## [WHAT THIS TASK INVOLVES]
Output only the lines below from the one containing "Fat Banker Immagini" to the one containing "Alternate Image 1", exactly as written, both ends kept.

## [DATA FOR PROCESSING]
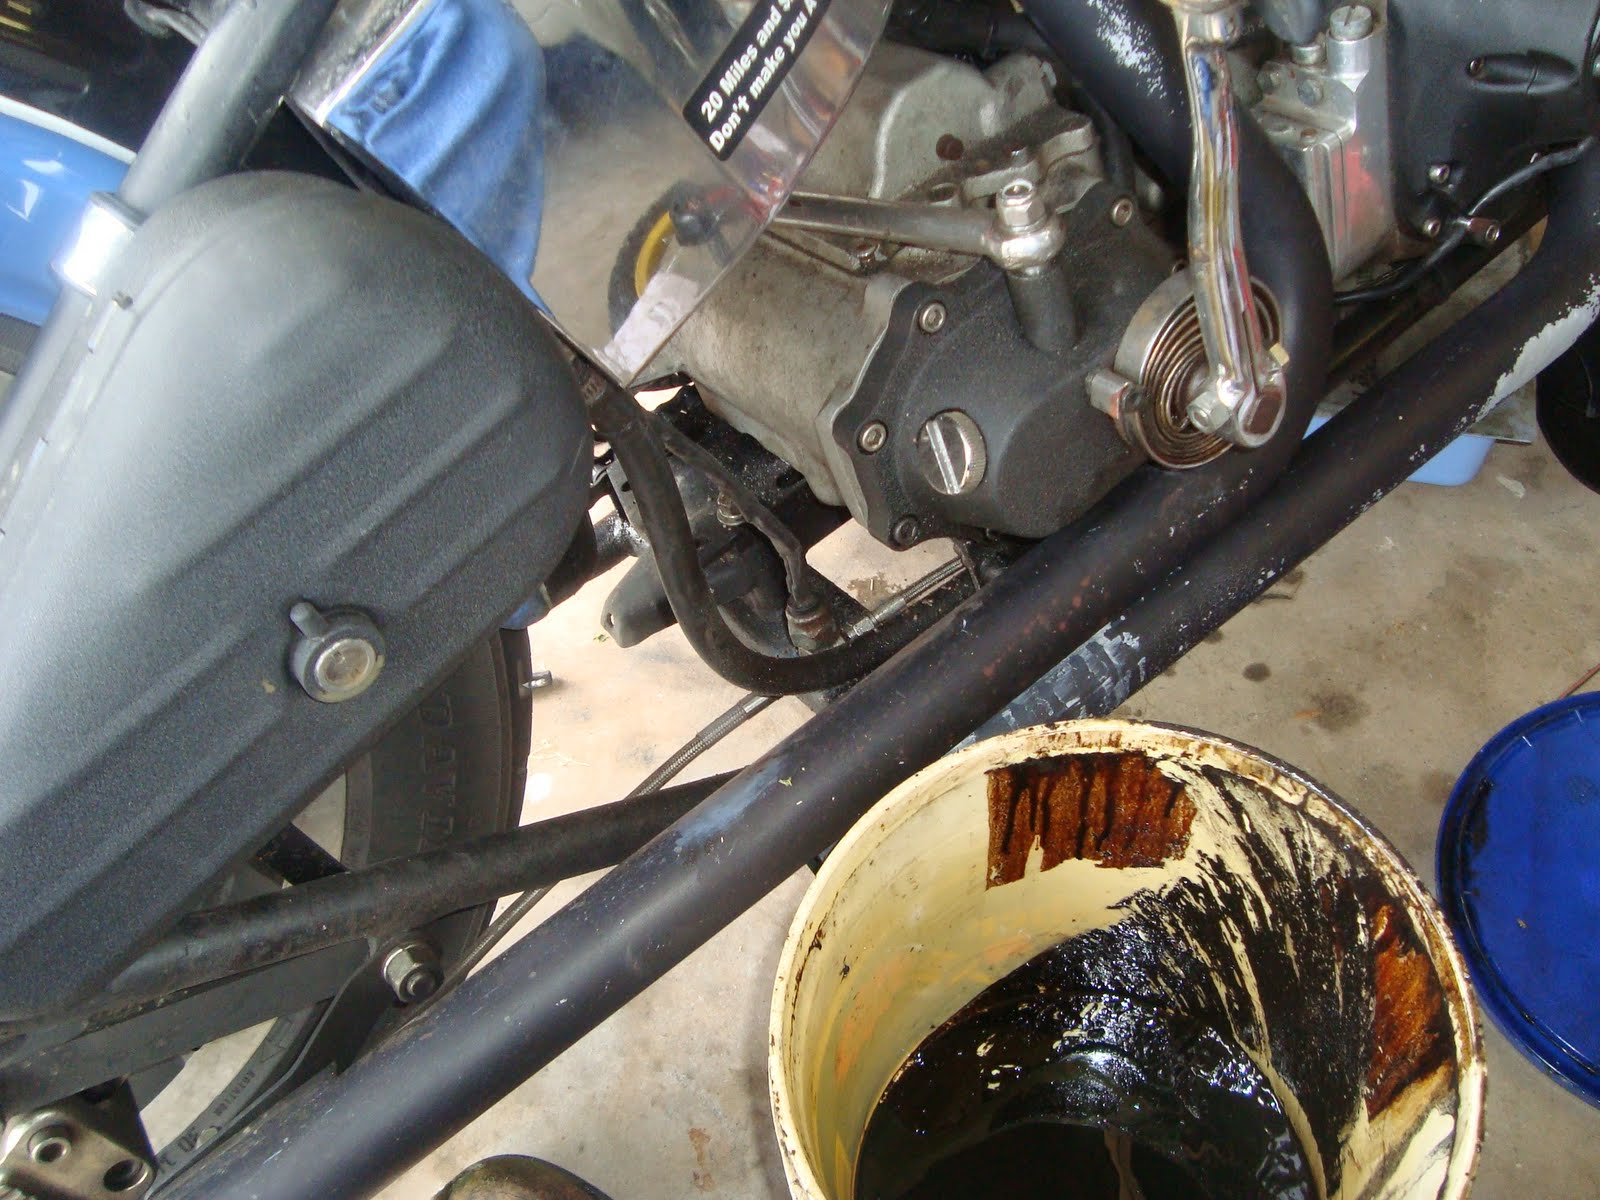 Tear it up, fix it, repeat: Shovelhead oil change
---
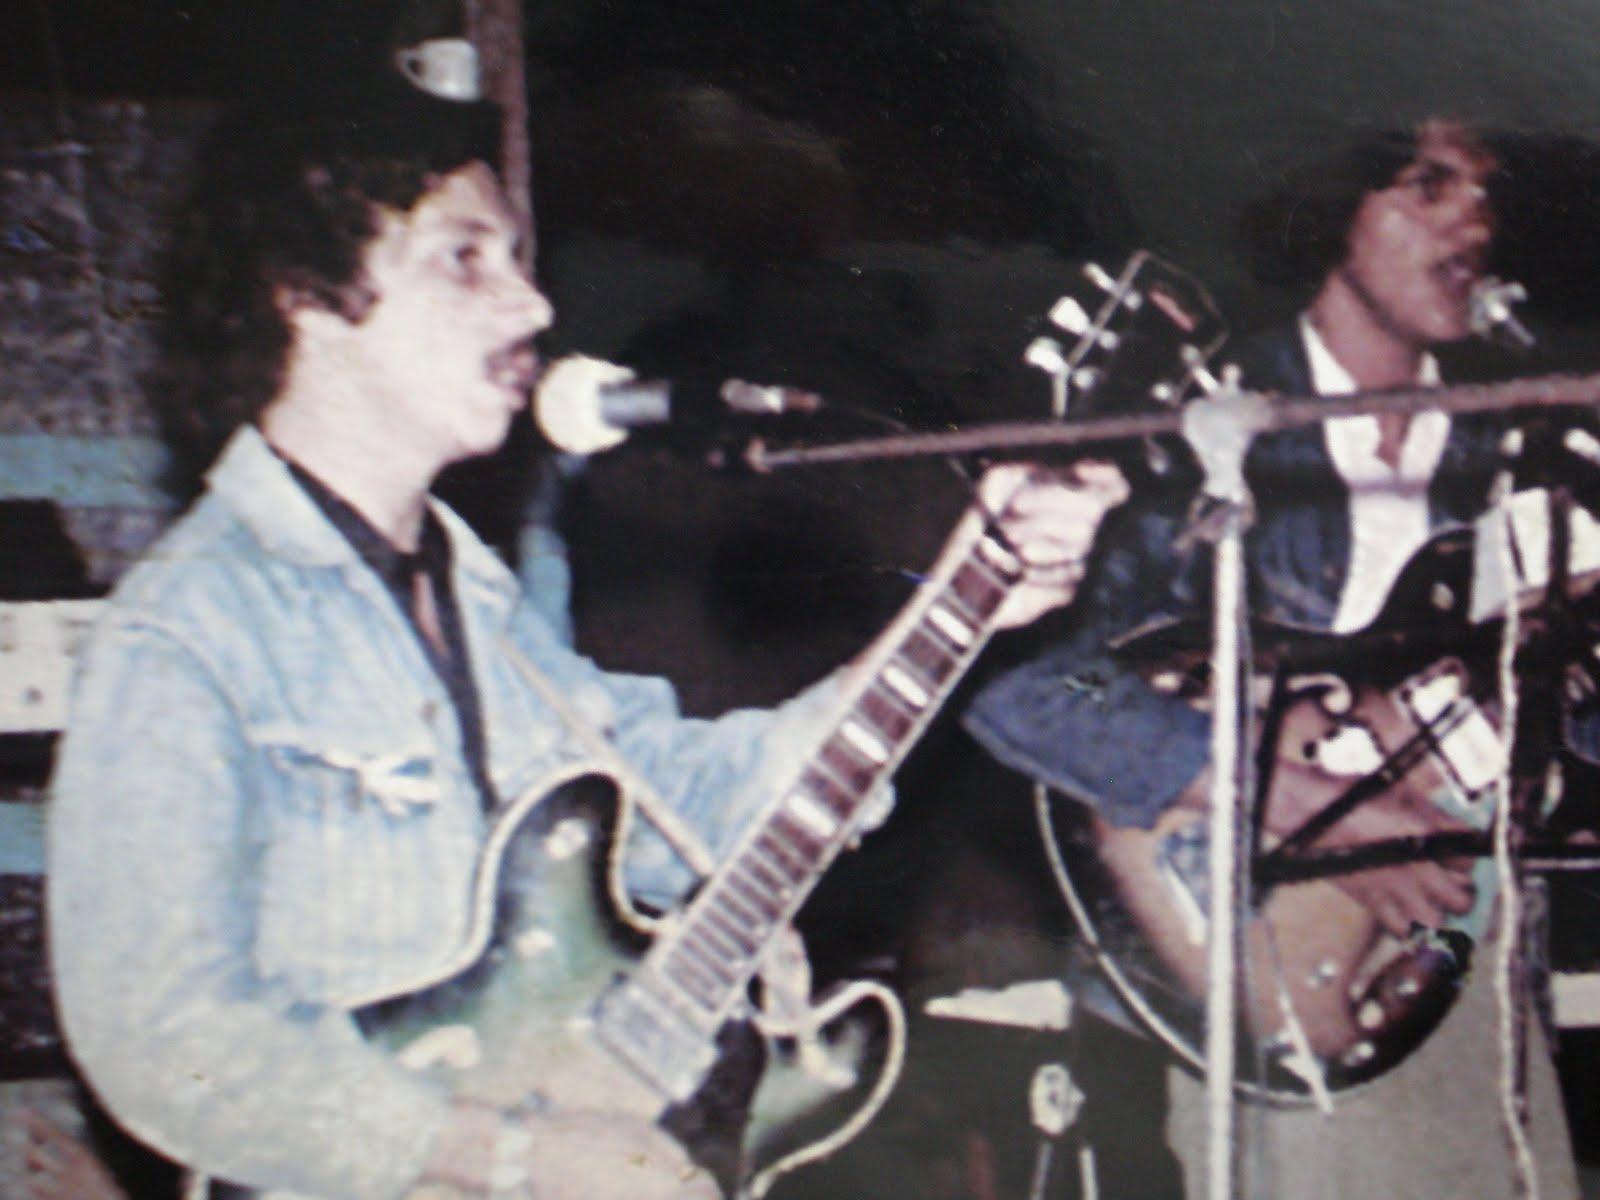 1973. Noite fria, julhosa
...
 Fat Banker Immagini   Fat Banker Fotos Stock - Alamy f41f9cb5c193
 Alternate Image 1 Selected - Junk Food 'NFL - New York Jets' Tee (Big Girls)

## [THE COMPLETED TASK]
 Fat Banker Immagini   Fat Banker Fotos Stock - Alamy f41f9cb5c193
 Alternate Image 1 Selected - Junk Food 'NFL - New York Jets' Tee (Big Girls)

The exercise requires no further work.